----- AVAILABLE DATA -----
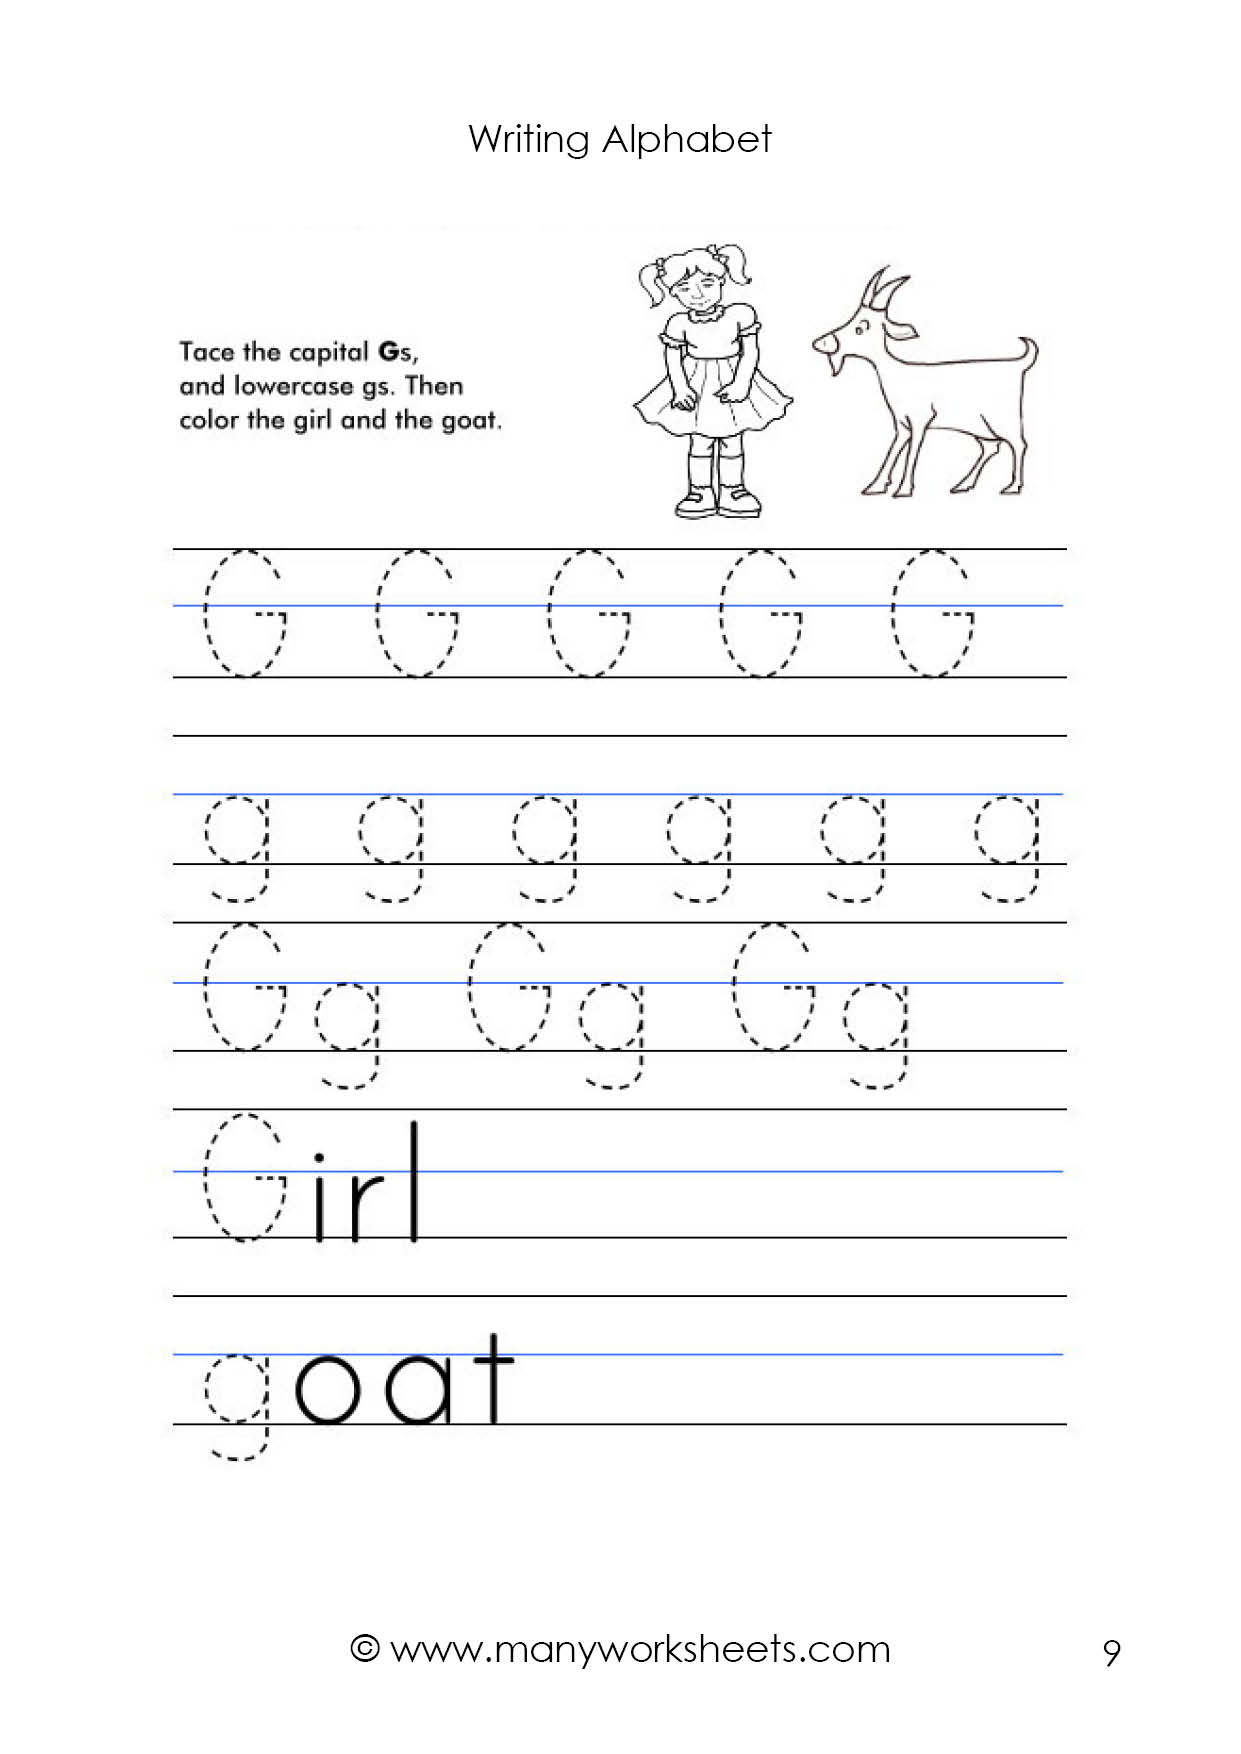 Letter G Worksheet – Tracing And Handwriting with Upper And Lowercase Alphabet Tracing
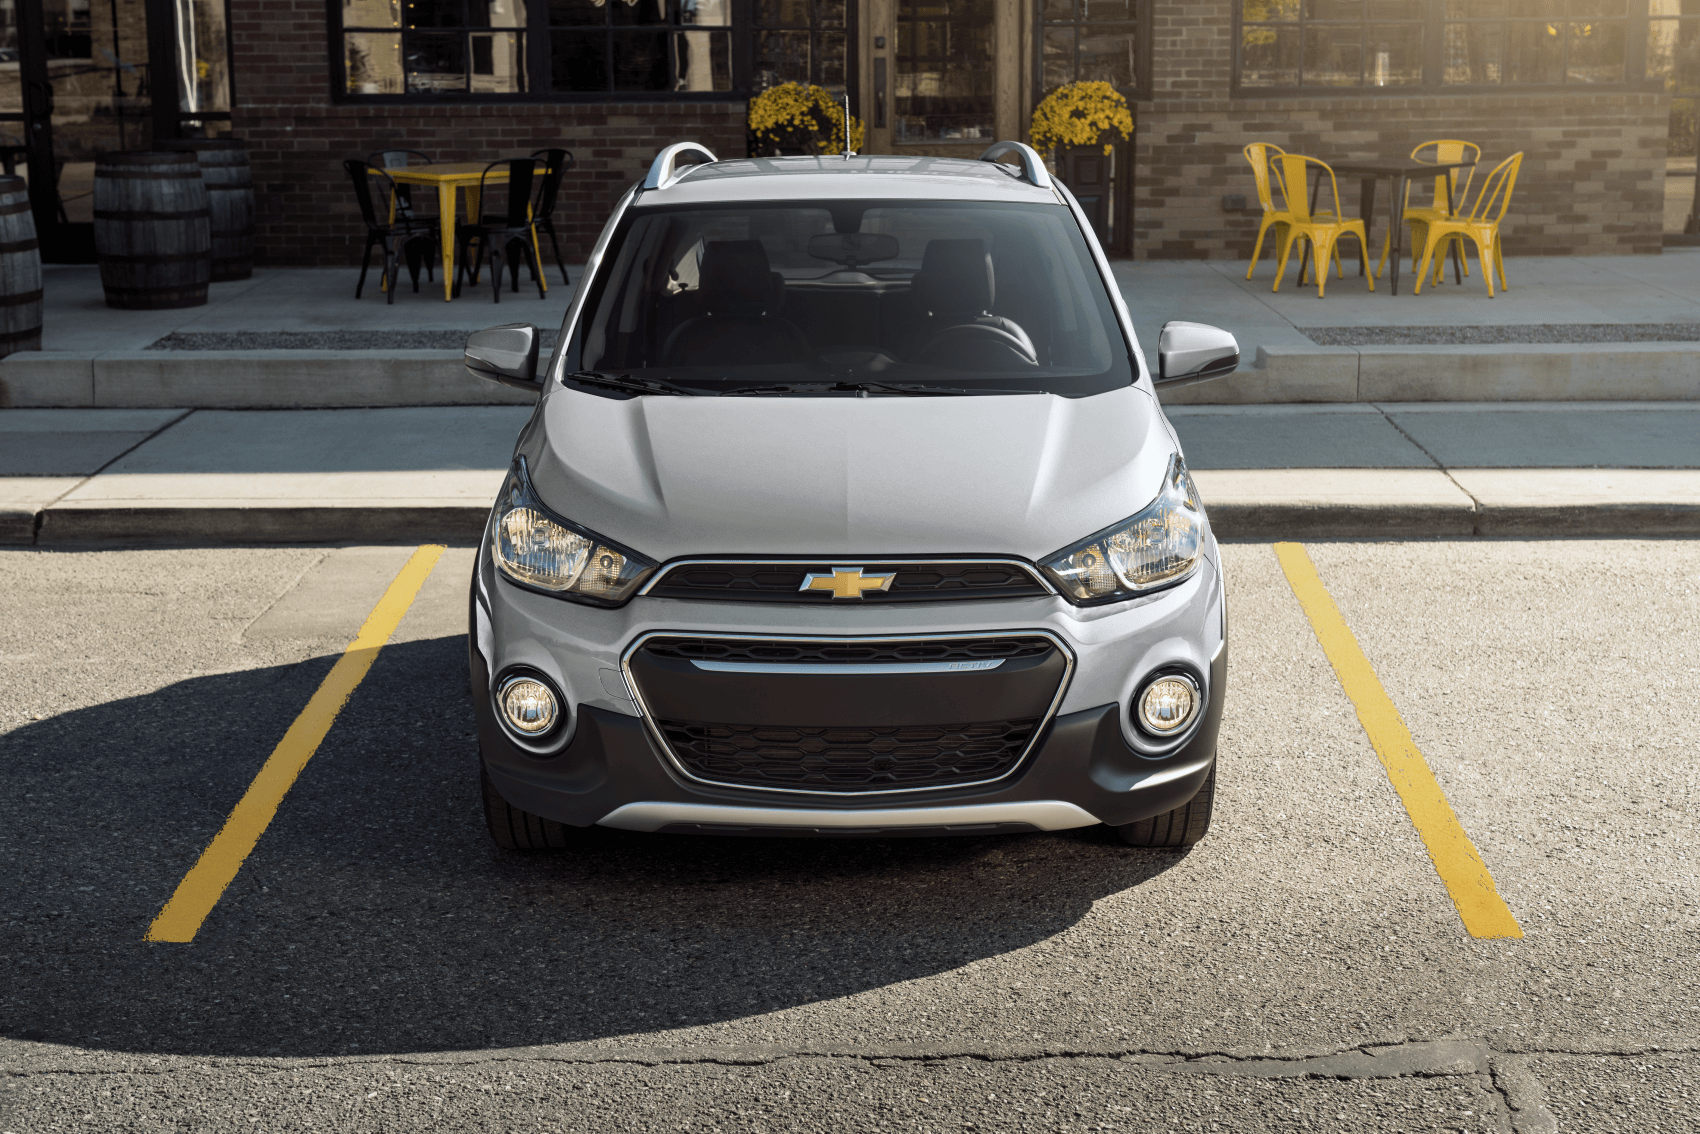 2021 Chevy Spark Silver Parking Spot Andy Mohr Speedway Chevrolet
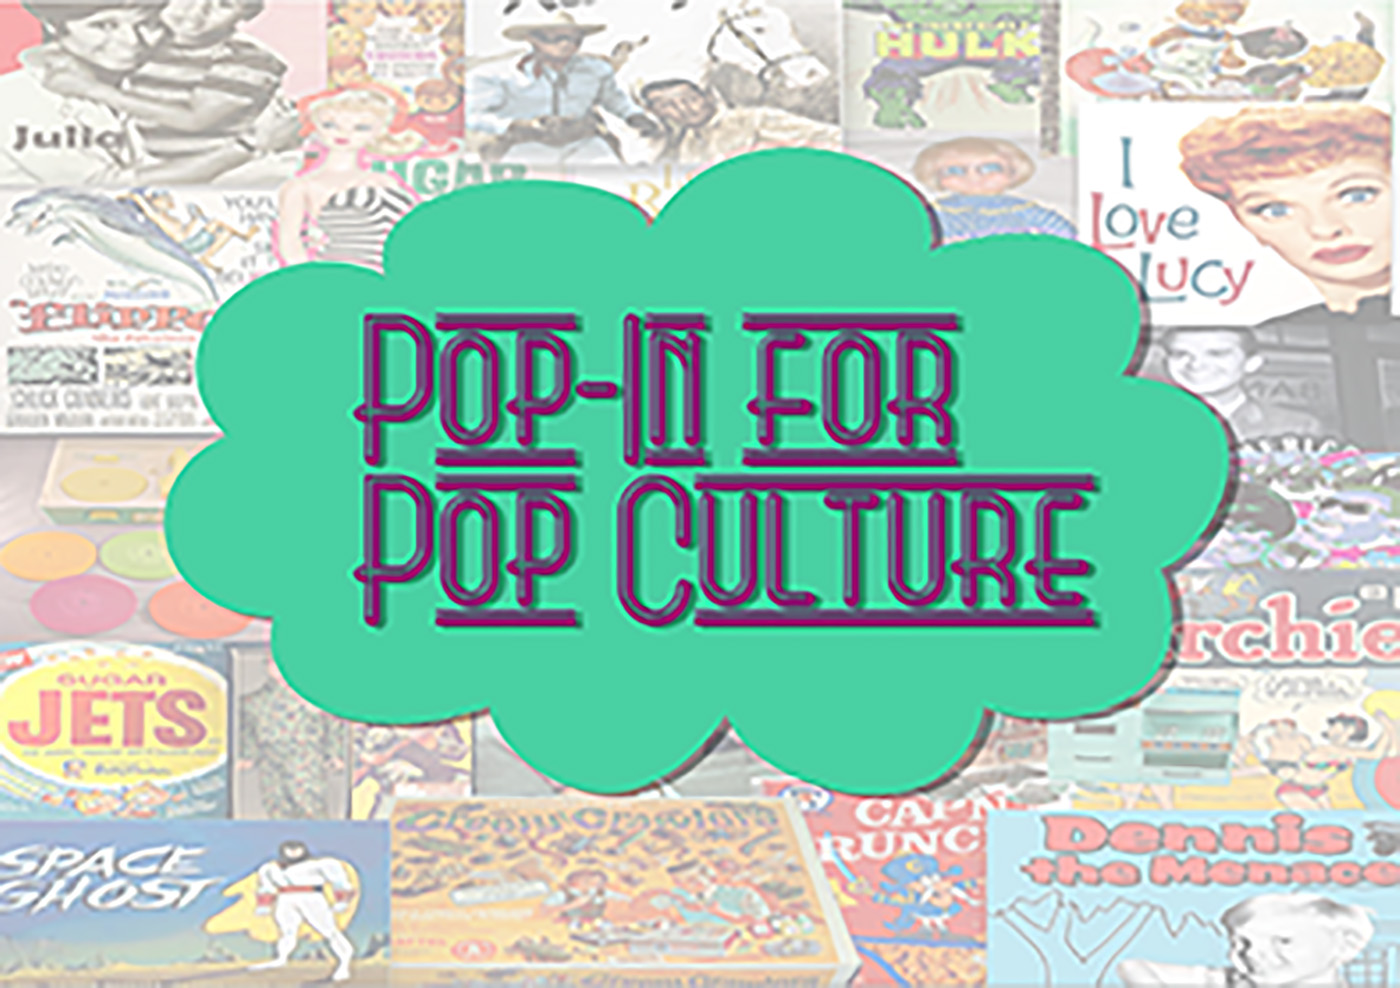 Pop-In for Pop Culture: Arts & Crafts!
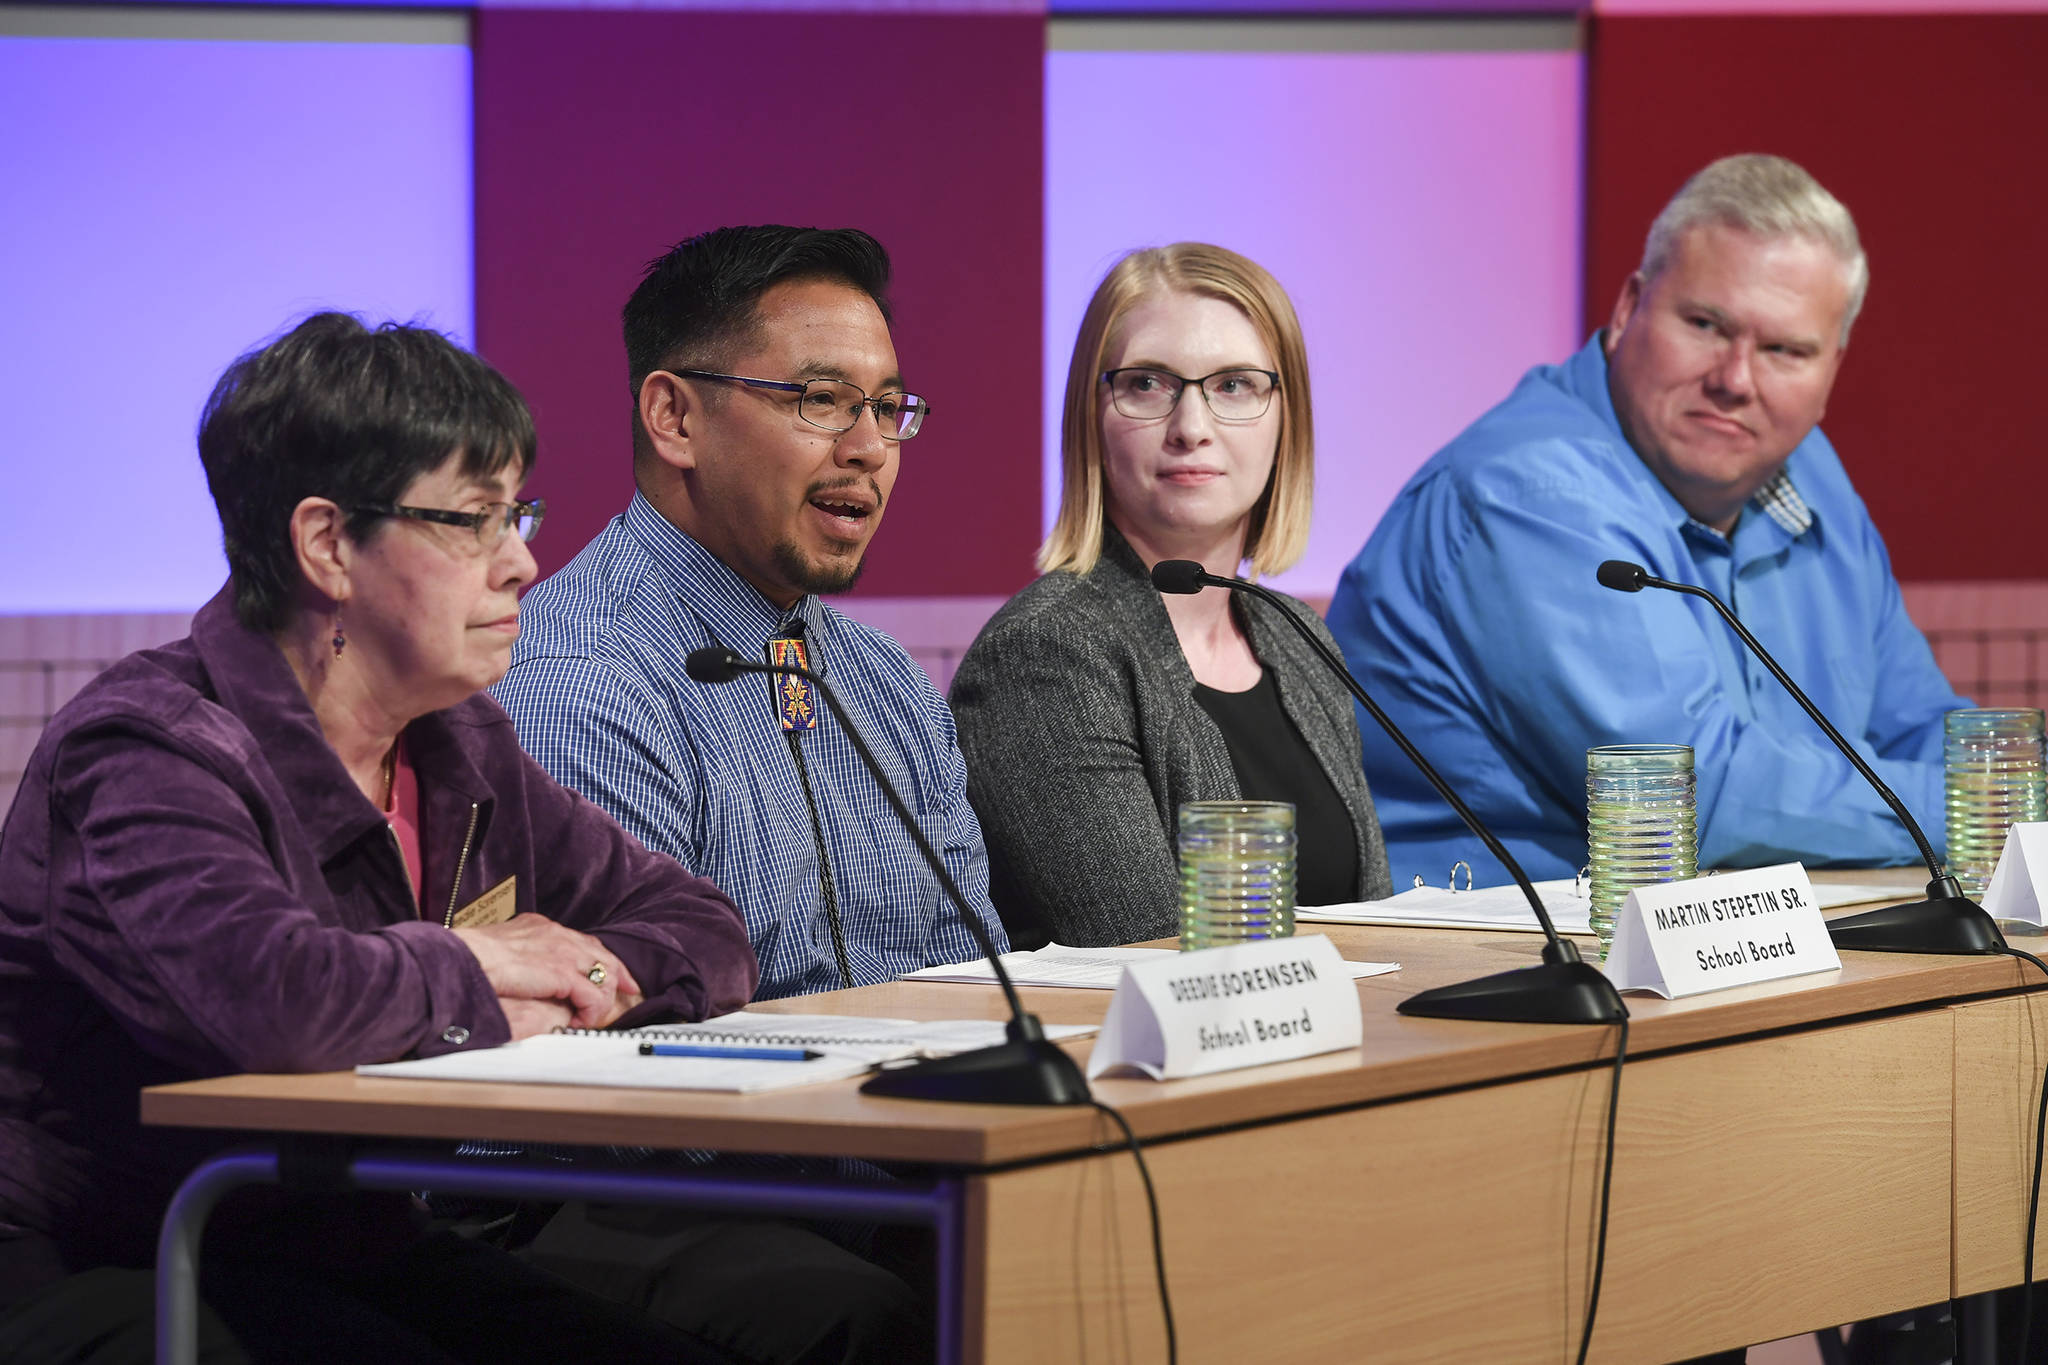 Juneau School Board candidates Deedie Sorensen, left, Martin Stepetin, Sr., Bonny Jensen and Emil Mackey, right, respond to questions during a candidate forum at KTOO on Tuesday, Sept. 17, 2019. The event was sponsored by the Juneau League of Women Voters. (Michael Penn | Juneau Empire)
-----
> **DIRECTIONS FOR THIS TASK**
Could you repeat word for word only the lines from the one that contains "Pop-In for Pop Culture: Arts & Crafts!" through the end of the listing, leaving out the pictures?

> **WRITTEN SOLUTION**
 Pop-In for Pop Culture: Arts & Crafts!
 Juneau School Board candidates Deedie Sorensen, left, Martin Stepetin, Sr., Bonny Jensen and Emil Mackey, right, respond to questions during a candidate forum at KTOO on Tuesday, Sept. 17, 2019. The event was sponsored by the Juneau League of Women Voters. (Michael Penn | Juneau Empire)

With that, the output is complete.